Since I am new to Quicken, I wish to start by setting it up correctly as I believe doing so will reward me later on down the line. How exactly do I correctly record this in Quicken? If I attempt to include the cash balance, that works, but then the reinvestment does not deduct from the cash balance... or I am able to make the reinvestment purchase deduct correctly but then the cash balance is not recorded.

Should I include the dividend payment and then just select the ordinary share purchase? Do I somehow need to create another account just to hold the cash values (if so how)? Please advise me the correct way to handle such transactions.

Thanks

Comments

  • NotACPA
    NotACPA SuperUser, Windows Beta Beta
    edited October 2018
    My guess is that your stock holdings might be held at the issuing company, rather than at a brokerage ... but that doesn't matter.

    To record a stock (or any other investment) holding in Q, you need to create an investment account and you need to add the particular stocks to Q's Security List (CTRL-Y).  When creating an account that's at the issuing company, just set it up as a manual account.  If they really are at a brokerage, then you can probably (at your option) set the account to download from the brokerage.

    If the stocks are held at several issuing companies, you can still record them in Q as being in a single account.

    Then, show the initial purchase transaction in the account and any ReinvDiv transactions. "Invest - Income Reinvested" is one of the standard "actions" in an investment account.

    If you don't require the degree of accuracy that a "Buy" would bring, you can just do a "Shs Added" transaction to get that initial position. 

    Also, a ReinvDiv transaction isn't supposed to impact the accounts cash balance ... because the Div received is immediately consumed by the Reinv (aka, buy) side of the transaction.  Existing cash in the account isn't touched by this.
    Q user since DOS version 5
    Now running Quicken Windows Subscription,  Home & Business
    Retired "Certified Information Systems Auditor" & Bank Audit VP
  • q_lurker
    q_lurker SuperUser ✭✭✭✭✭
    edited May 2018
    It sounds to me as if your reinvestment plan might only purchase whole shares (or some similar limitation).  So if you get a $45 dividend and the stock is selling at $20/share, your reinvestment buys 2 shares and leaves you with $5 to carry over as cash to the next cycle.  

    If that is the right picture, you best pattern (IMO) would be to treat these as separate dividends and purchases.  The Quicken Reinvest Dividend action always reinvests the entire dividend which does not seem to be your case.  There are some subtle distinctions between the one-piece Reinvestment approach and the two-piece Div and Buy approach, but you need not get bothered by those differences.  The basic end result is the same.  

    HTH
  • Unknown
    Unknown Member
    edited October 2018
    Thank you for the responses. You are correct q.lurker, I receive the dividend as 'cash', for example $45, then stock is purchased at $20/share minus commission. The remaining amount is then held and added on to the next dividend payment months later. This is primarily why I find it useful to track the cash balance as well.
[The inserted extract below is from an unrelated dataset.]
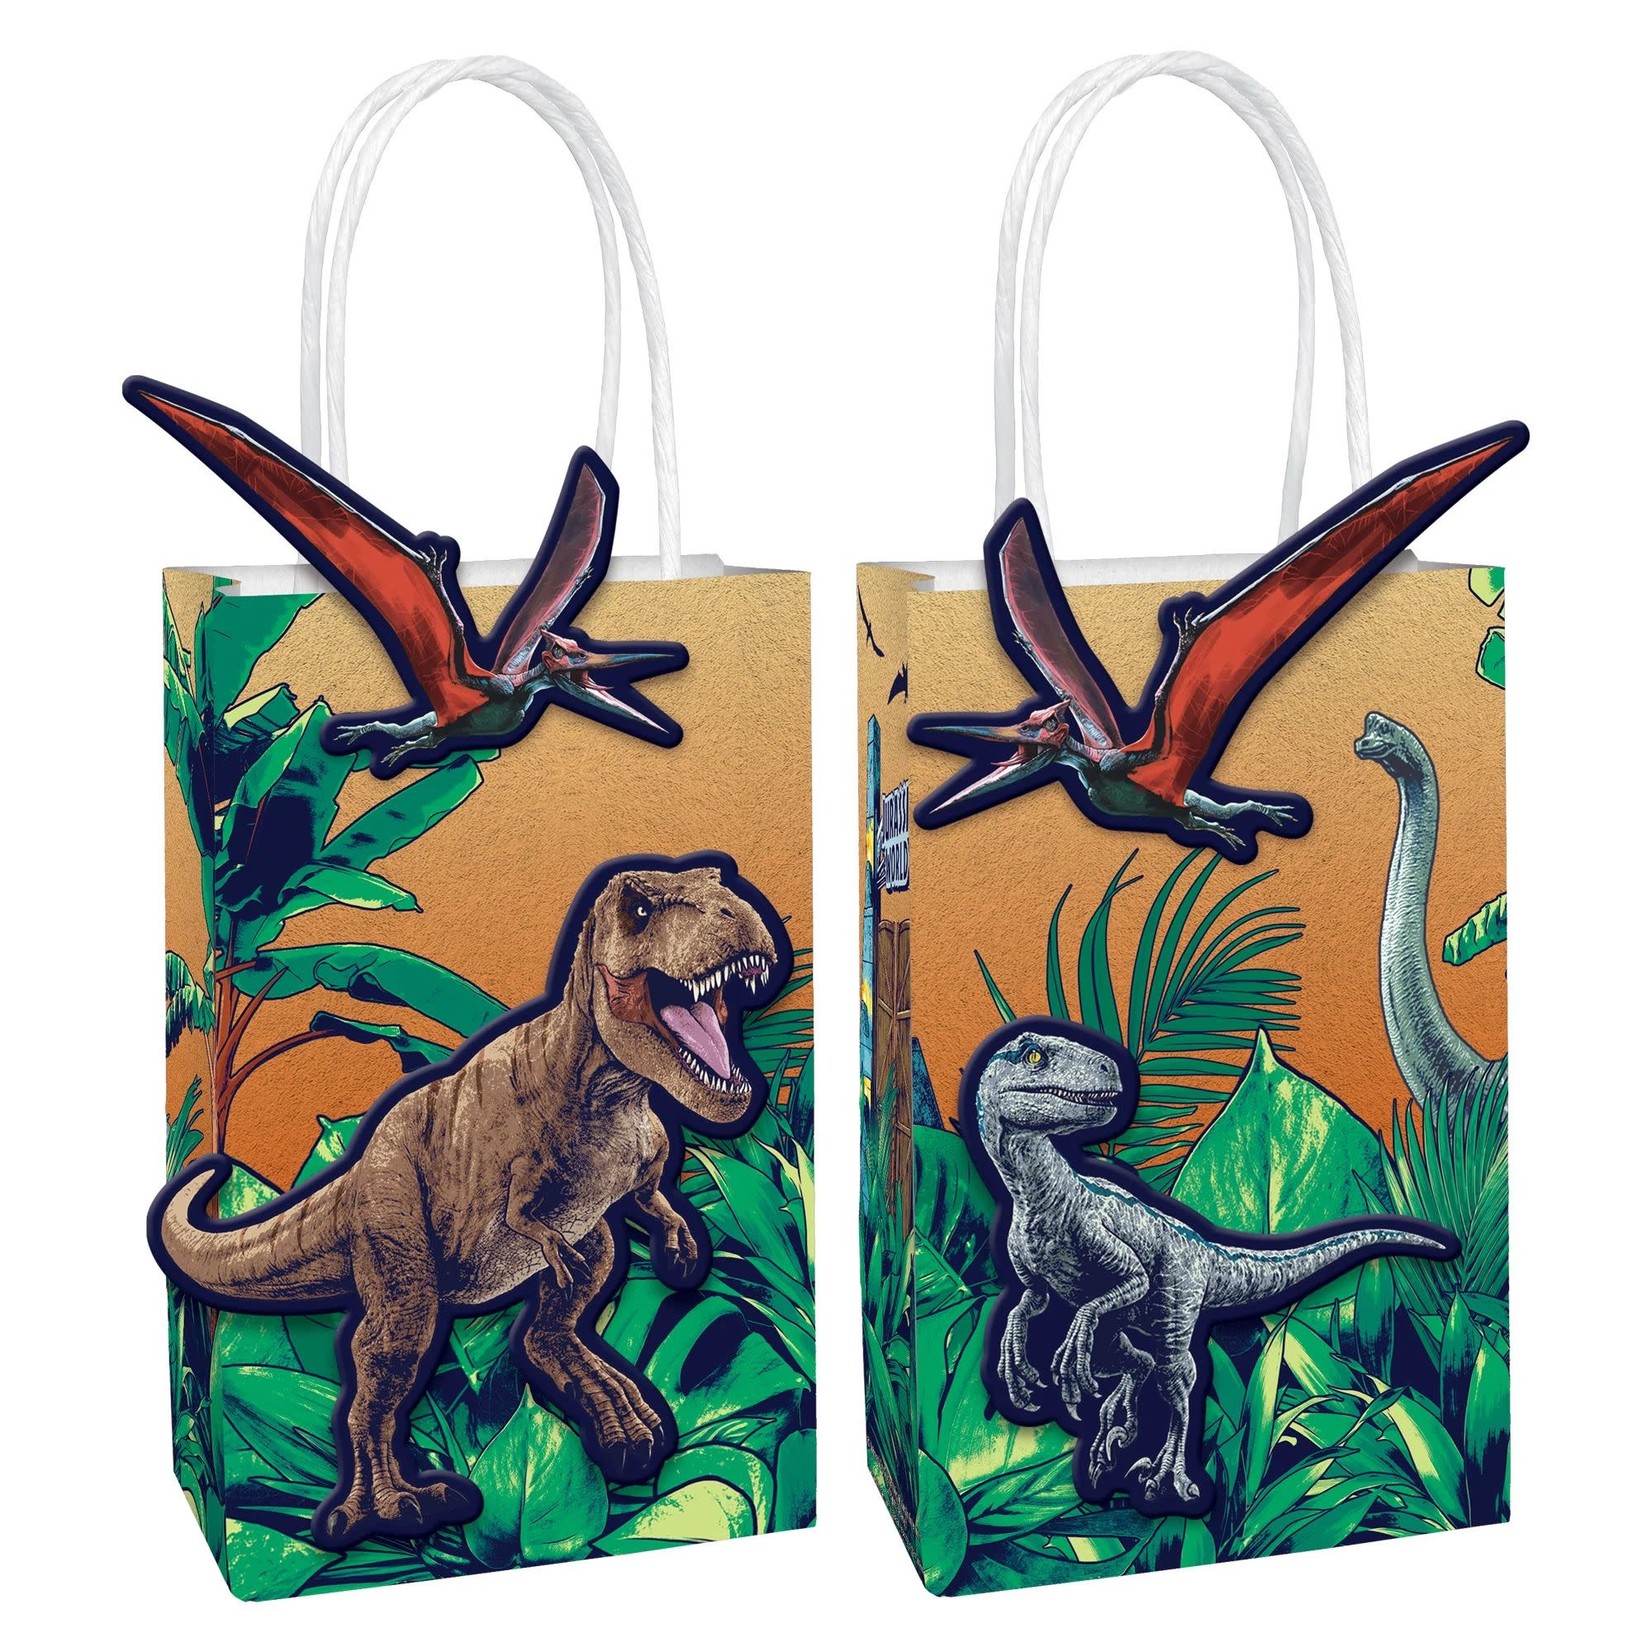 Jurassic World Into the Wild Create Your Own Bags

    NotACPA, It is odd to me that ReInvDiv does not subtract from the cash balance, but seemingly it is me that is not used to the normal.

    The regular dividend payment approach would increment the cash balance, followed by a regular Buy... that looks like it should work. Any downsides? Are there any foreseeable problems later down the line when I may wish to create reports, or file tax returns? I hope you understand.

    Thanks,
  • NotACPA
    NotACPA SuperUser, Windows Beta Beta
    edited December 2016
    Andy said:

    Thank you for the responses. You are correct q.lurker, I receive the dividend as 'cash', for example $45, then stock is purchased at $20/share minus commission. The remaining amount is then held and added on to the next dividend payment months later. This is primarily why I find it useful to track the cash balance as well.

    NotACPA, It is odd to me that ReInvDiv does not subtract from the cash balance, but seemingly it is me that is not used to the normal.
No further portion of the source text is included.